» **Aim of the task**
Please transcribe the data exactly as shown, skipping the images.

» **Collected material**
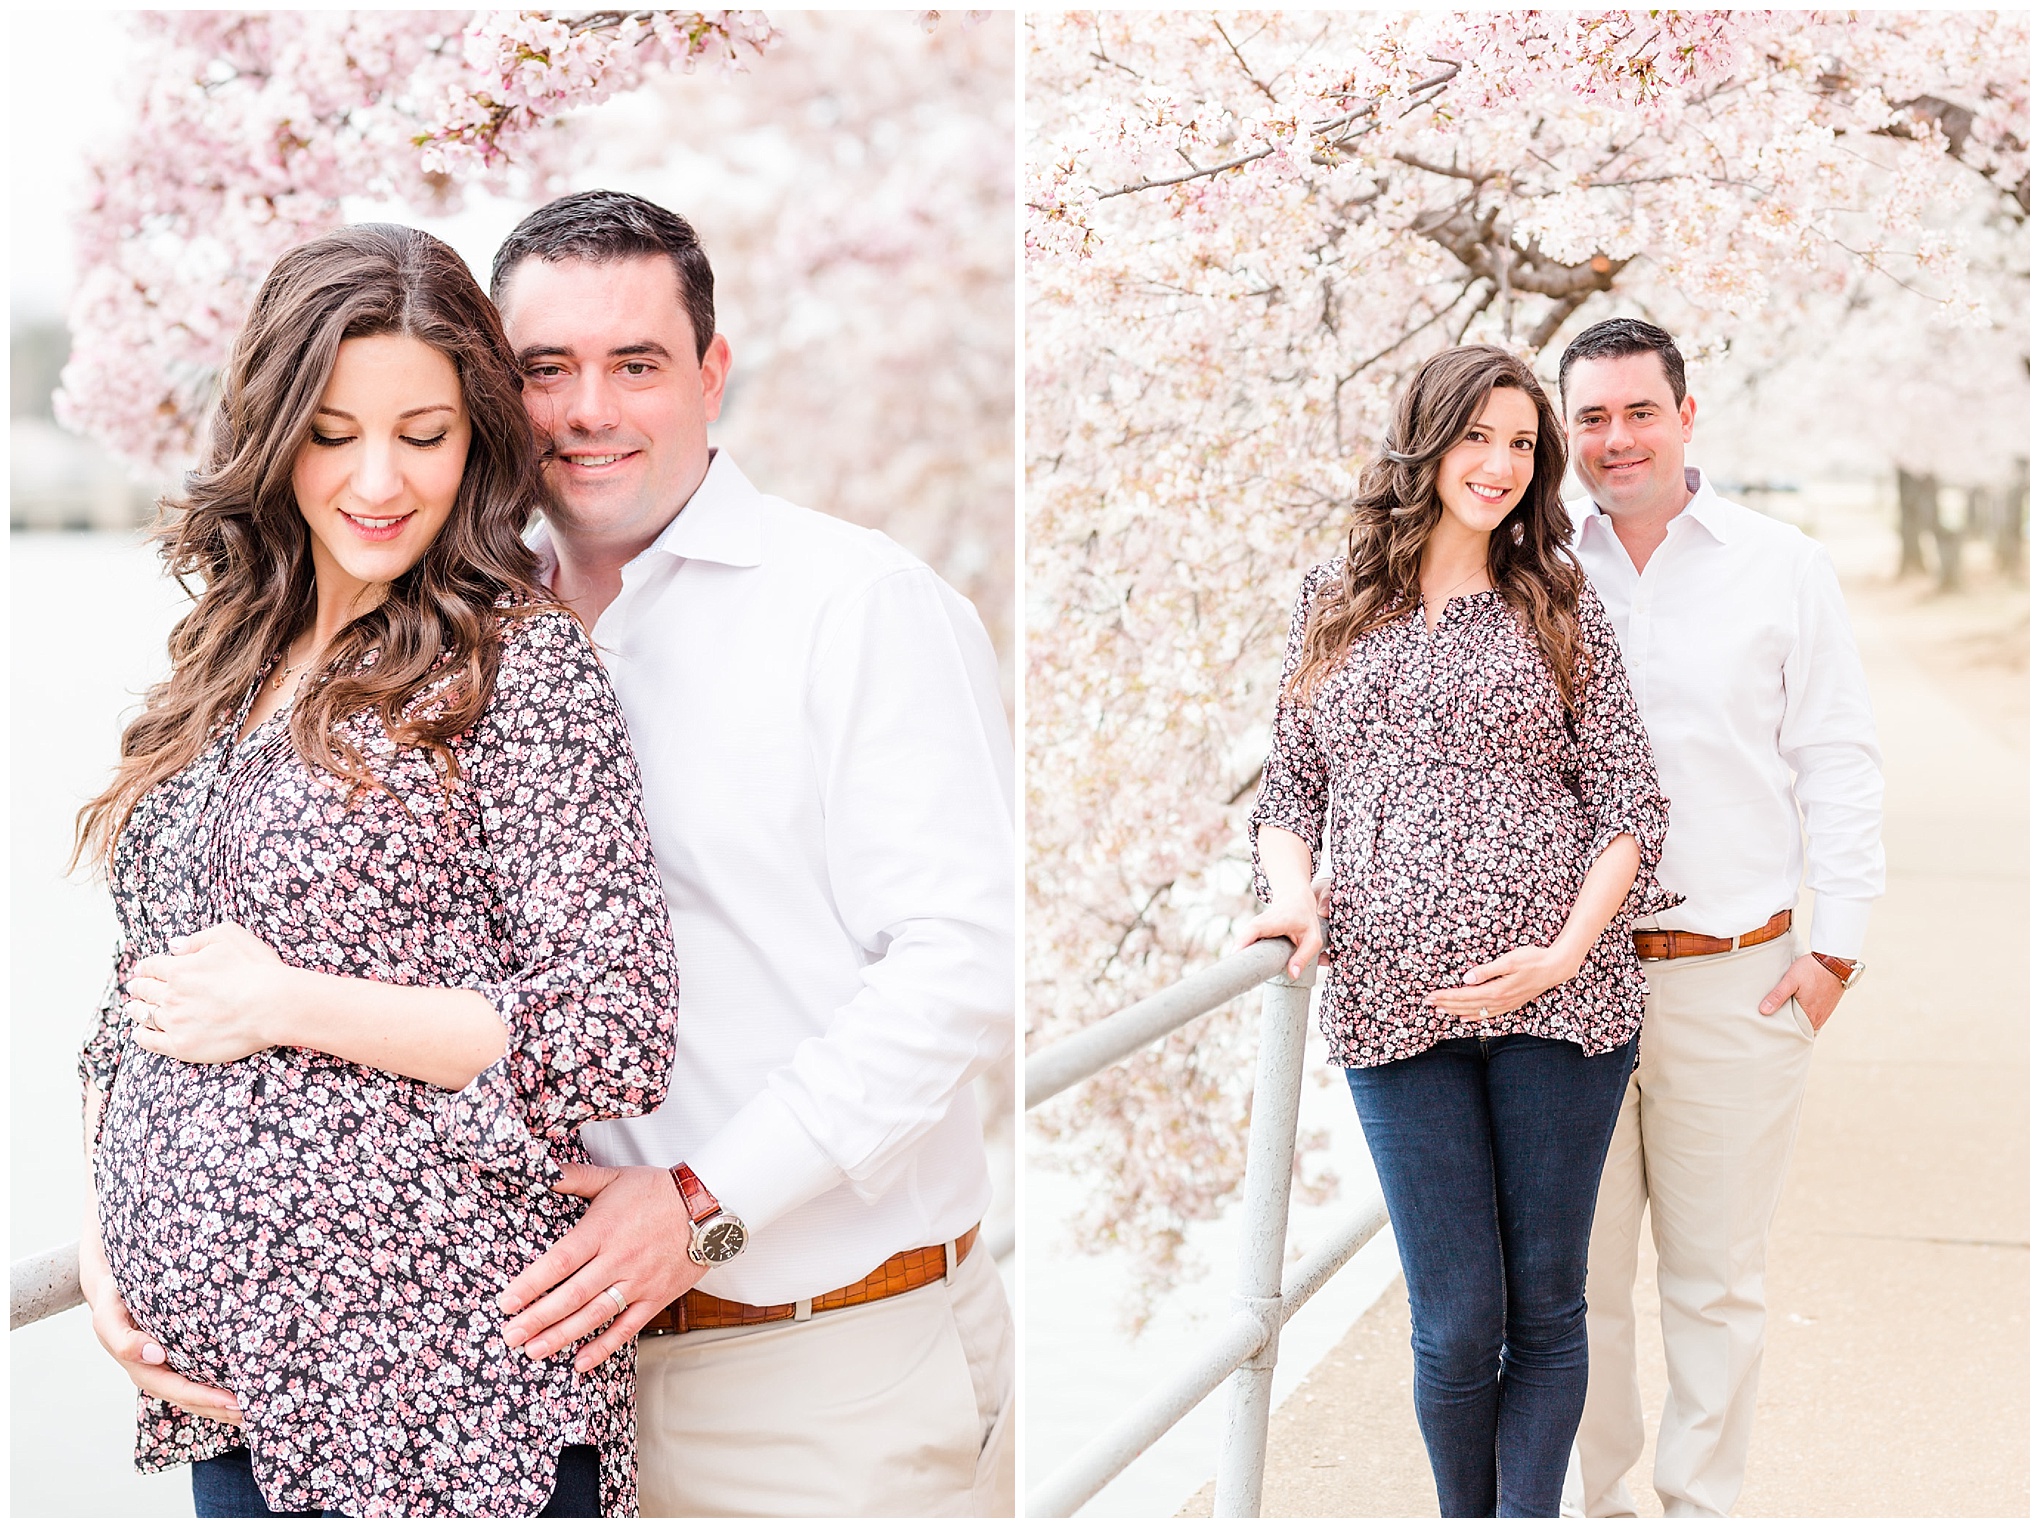 D.C. cherry blossoms maternity session, expectant couple, D.C. couple, maternity photos, maternity portraits, spring maternity photos, cherry blossoms, D.C. cherry blossoms, tidal basin, couple hugging, brunette mom to be, brunette woman, floral print top, dark wash blue jeans, 
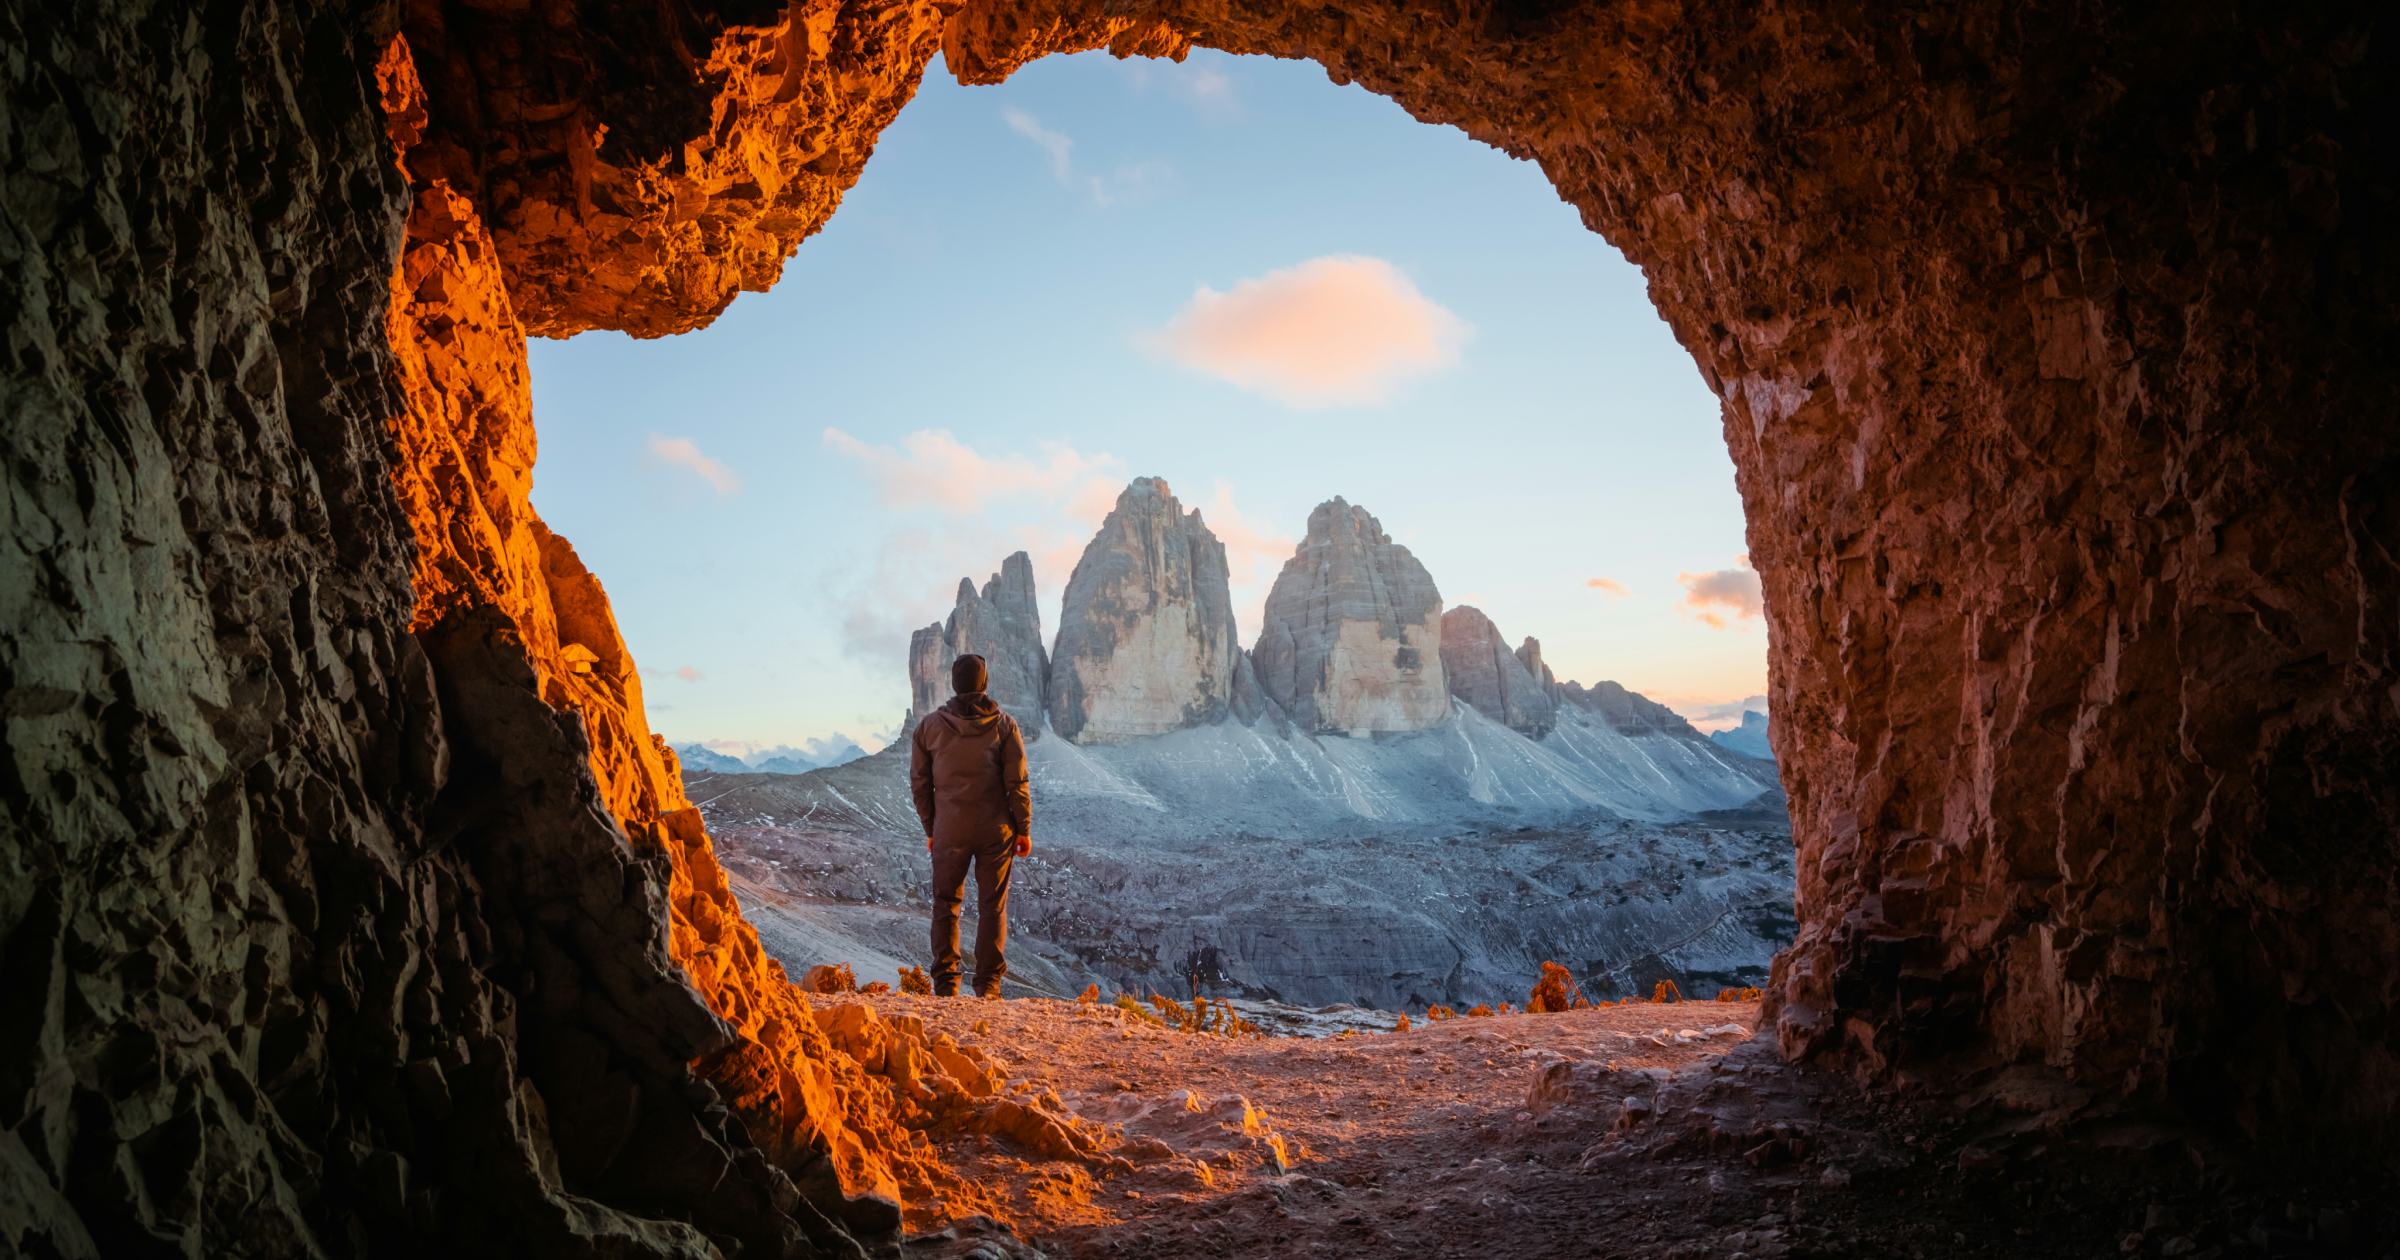 Tre Cime Di Lavaredo peaks in incredible orange sunset light. View from the cave in the mountain against Three peaks of Lavaredo, Dolomite Alps, Italy, Europe
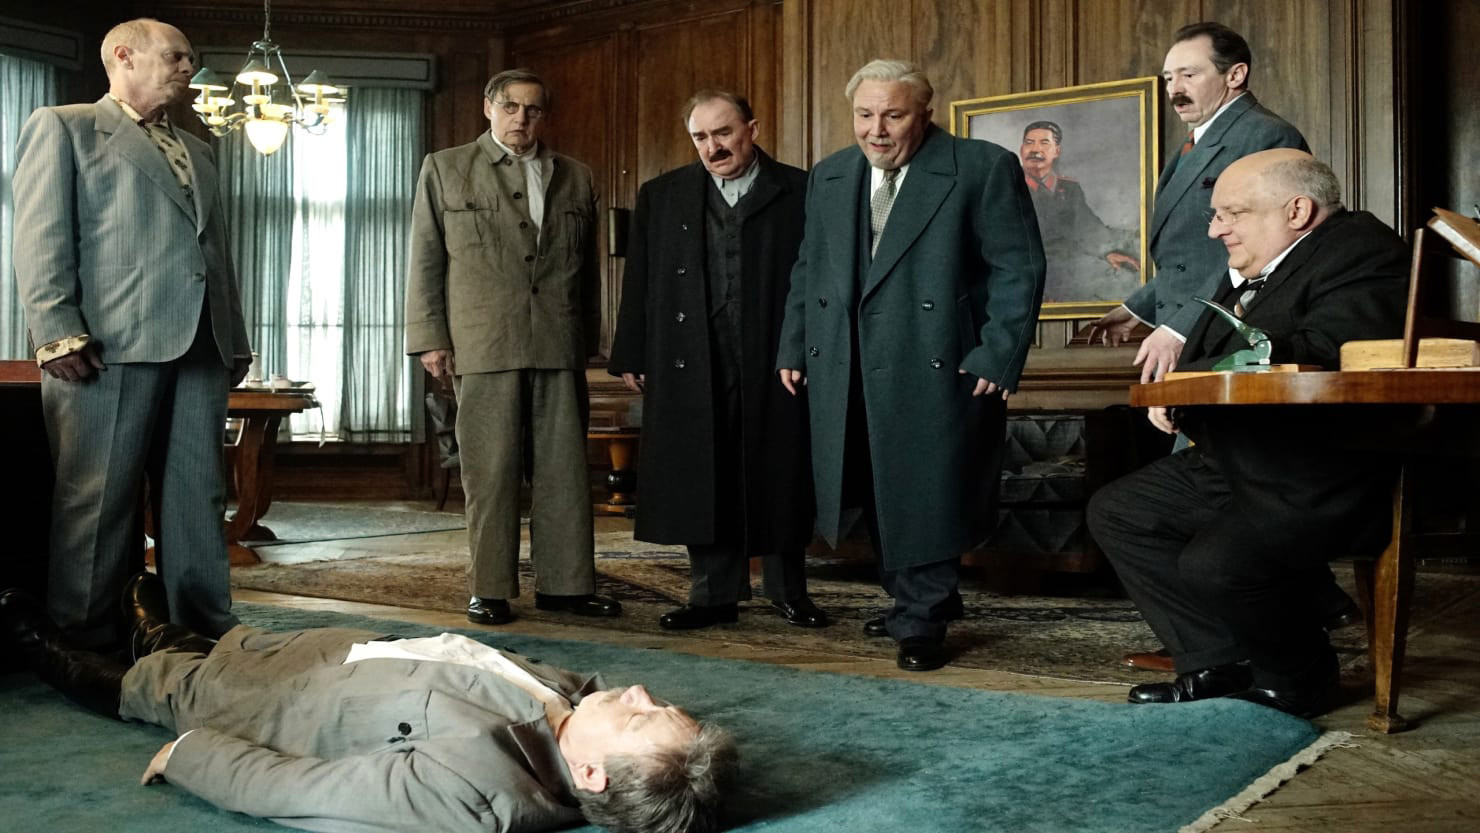 A still from the movie 'The Death of Stalin' (2017) by Armando Iannucci.

» **Written answer**
 D.C. cherry blossoms maternity session, expectant couple, D.C. couple, maternity photos, maternity portraits, spring maternity photos, cherry blossoms, D.C. cherry blossoms, tidal basin, couple hugging, brunette mom to be, brunette woman, floral print top, dark wash blue jeans, 
 Tre Cime Di Lavaredo peaks in incredible orange sunset light. View from the cave in the mountain against Three peaks of Lavaredo, Dolomite Alps, Italy, Europe
 A still from the movie 'The Death of Stalin' (2017) by Armando Iannucci.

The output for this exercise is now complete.